Their base of operations are located in Koronadal and General Santos. YBL is the first bus company in the Philippines to implement fixed regular wage for its drivers and conductors. In year 2015 they conducted NC III qualification exams for all their drivers and conductors.

Prior to 2011, the main fare classes for the company's bus units were the non-airconditioned Super Deluxe and the airconditioned Mabuhay Class units. In 2011, as they bought Higer Bus and Yutong units from China, they introduced the Premiere Class unit, equipped with WiFi internet connection. A year later in 2012, as they procured the first bus unit in Mindanao with a built-in comfort room from Higer Bus, they introduced the Executive Class unit, also equipped with WiFi internet connection.
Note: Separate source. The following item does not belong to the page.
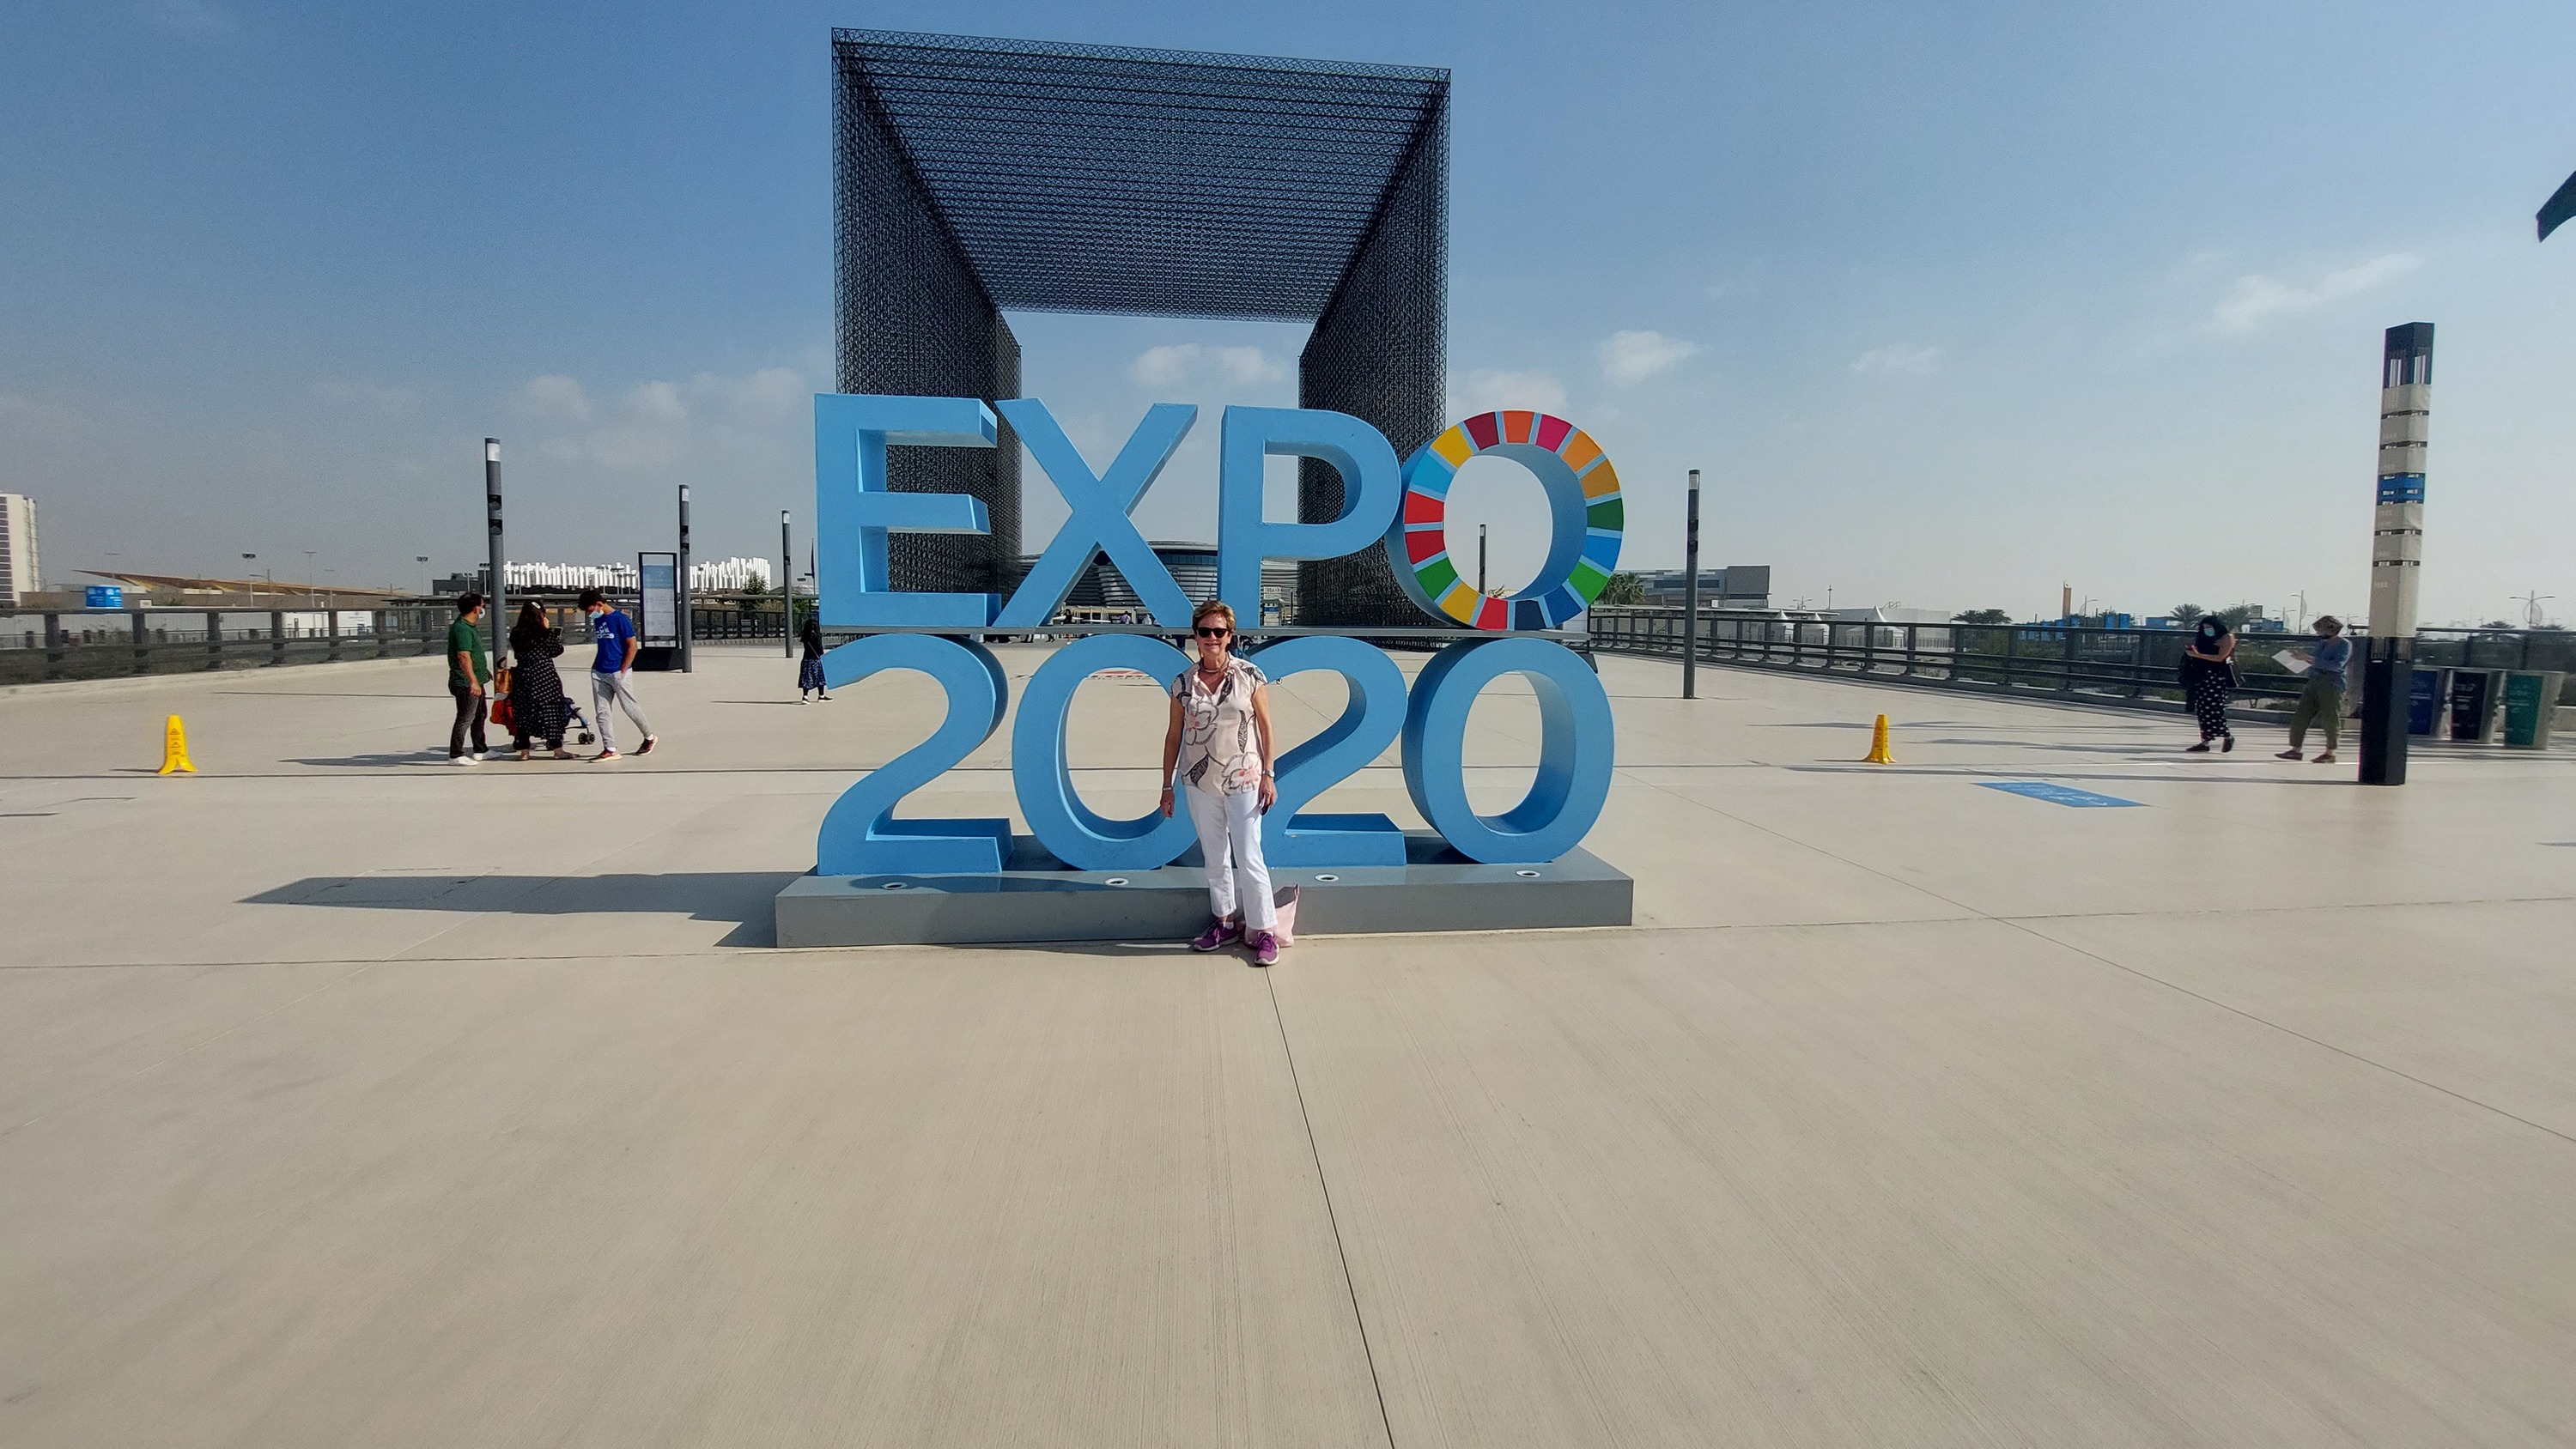 EXPO 2020, ein wahnsinns Erlebnis

In March 2017, they procured their first bus units from Ankai. In June of the same year, they also purchased units from Zhongtong.

Fleet 
As of October 2022.

Routes of service
When Yellow Bus Line was first established in 1958, its first route of service was Cagayan-Marbel route. However, the said route was discontinued in the year 1978 in favor of the then-newly opened Davao-General Santos-Marbel route which they continue to serve to this day. The company continued to expand its service area throughout the years, serving the provinces of South Cotabato, Sarangani, Sultan Kudarat, North Cotabato, Davao del Sur and Maguindanao.

The routes serviced by Yellow Bus Line are all vice versa.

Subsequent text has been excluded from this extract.